Выбрать главу

Михаил Пришвин

Фацелия

Поэма

Пустыня

В пустыне мысли могут быть только свои, вот почему и боятся пустыни, что боятся остаться наедине с самим собой.

Давным-давно это было, но быльем еще не поросло, и я не дам порастать, пока сам буду жив. В то далекое «чеховское» время мы, два агронома, люди между собой почти незнакомые, ехали в тележке в старый Волоколамский уезд по делам травосеяния. По пути нам было целое поле цветущей синей медоносной травы фацелии. В солнечный день, среди нашей нежной подмосковной природы это яркое поле цветов казалось чудесным явлением. Синие птицы как будто бы из далекой страны прилетели, ночевали тут и оставили после себя это синее поле. Сколько же там, мне думалось, в этой медоносной синей траве, теперь гудит насекомых. Но ничего не было слышно из-за тарахтенья тележки по сухой дороге. Очарованный этой силой земли, я забыл о делах травосеяния и, только чтоб послушать гул жизни в цветах, попросил товарища остановить лошадь.
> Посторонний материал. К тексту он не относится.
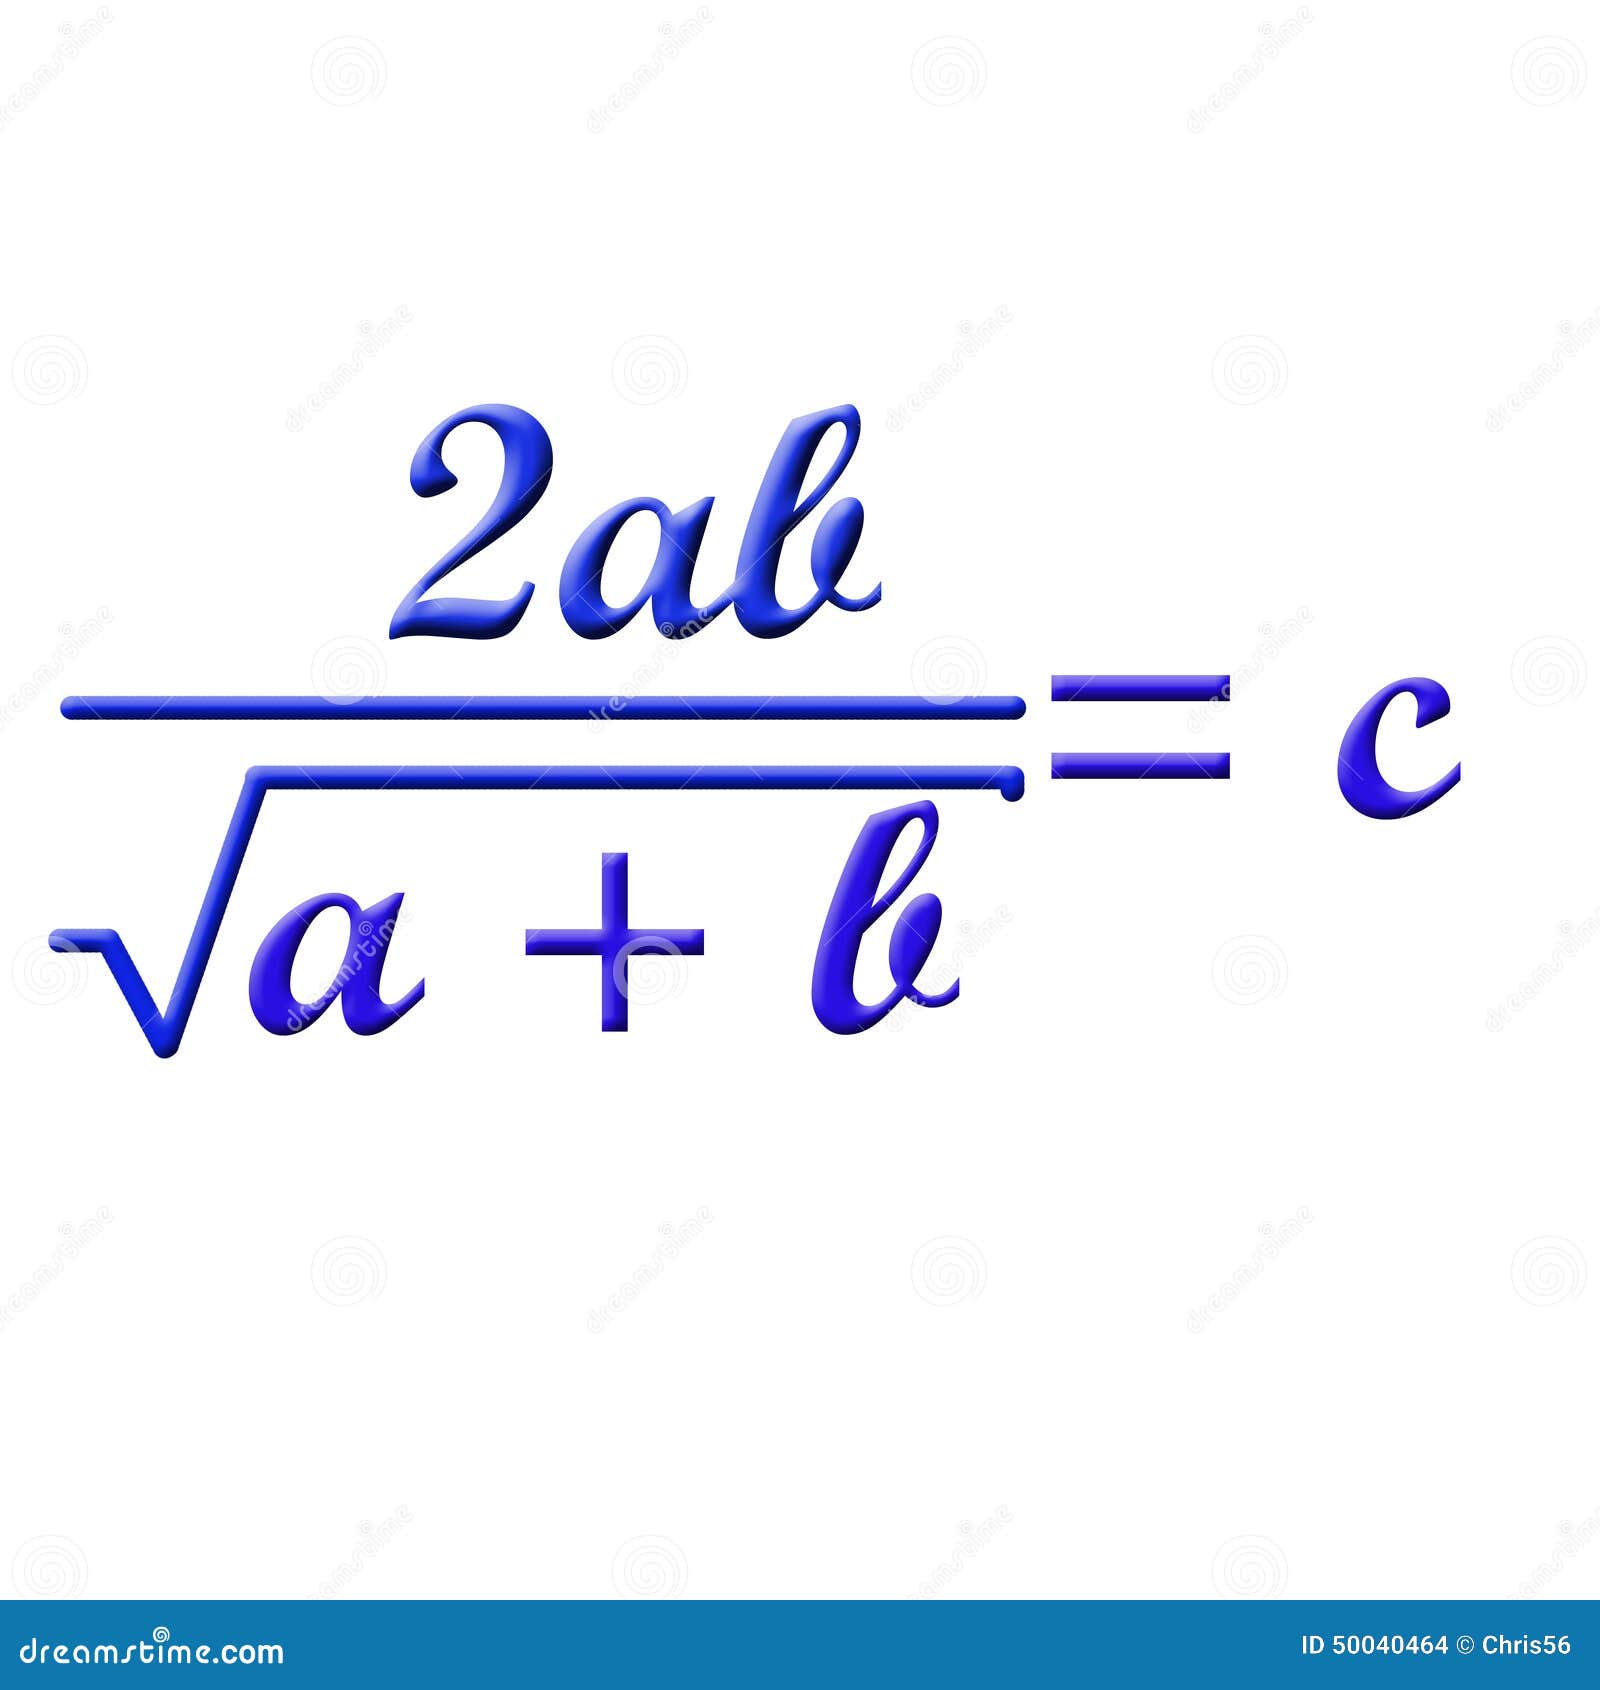 Цветные формулы. Математические формулы. Математические формулы картинки. Цветные формулы по математике. Самые известные формулы в математике.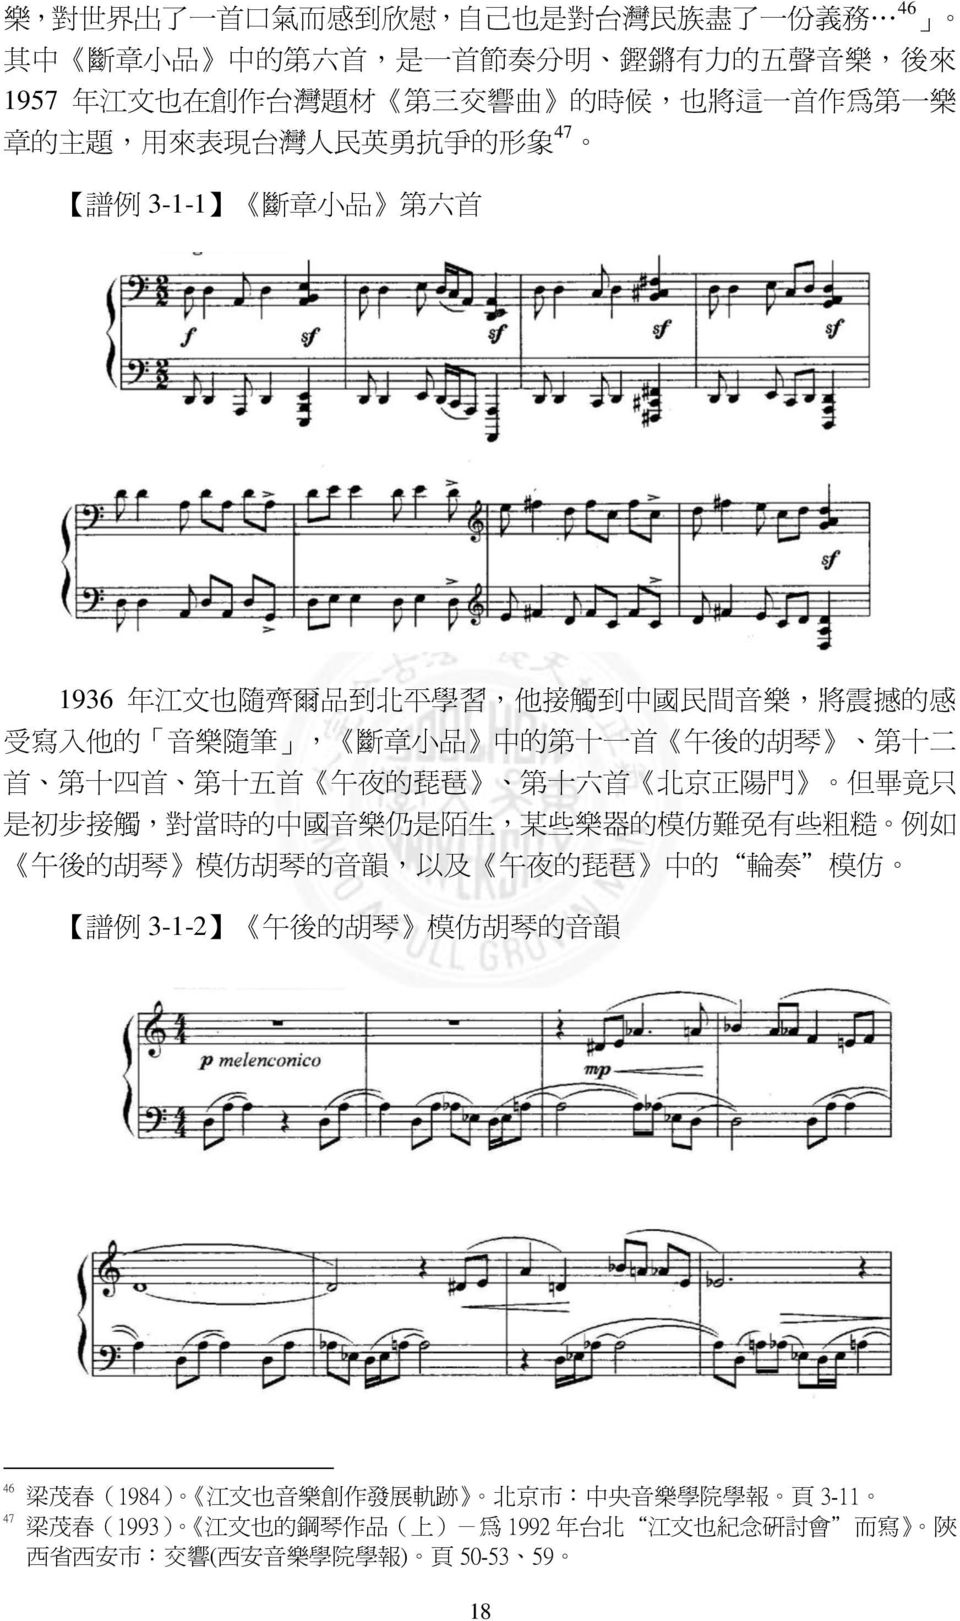 十 五 首 午 夜 的 琵 琶 第 十 六 首 北 京 正 陽 門 但 畢 竟 只 是 初 步 接 觸, 對 當 時 的 中 國 音 樂 仍 是 陌 生, 某 些 樂 器 的 模 仿 難 免 有 些 粗 糙 例 如 午 後 的 胡 琴 模 仿 胡 琴 的 音 韻, 以 及 午 夜 的 琵 琶 中 的 輪 奏 模 仿 譜 例 3-1-2 午 後 的 胡 琴 模 仿 胡 琴 的 音 韻

Сколько времени мы стояли, сколько я был там с синими птицами, не могу сказать. Полетав душой вместе с пчелами, я обратился к агроному, чтобы он тронул лошадь, и тут только заметил, что этот тучный человек с круглым заветренным простонародным лицом наблюдал меня и разглядывал с удивлением.

— Зачем мы останавливались? — спросил он.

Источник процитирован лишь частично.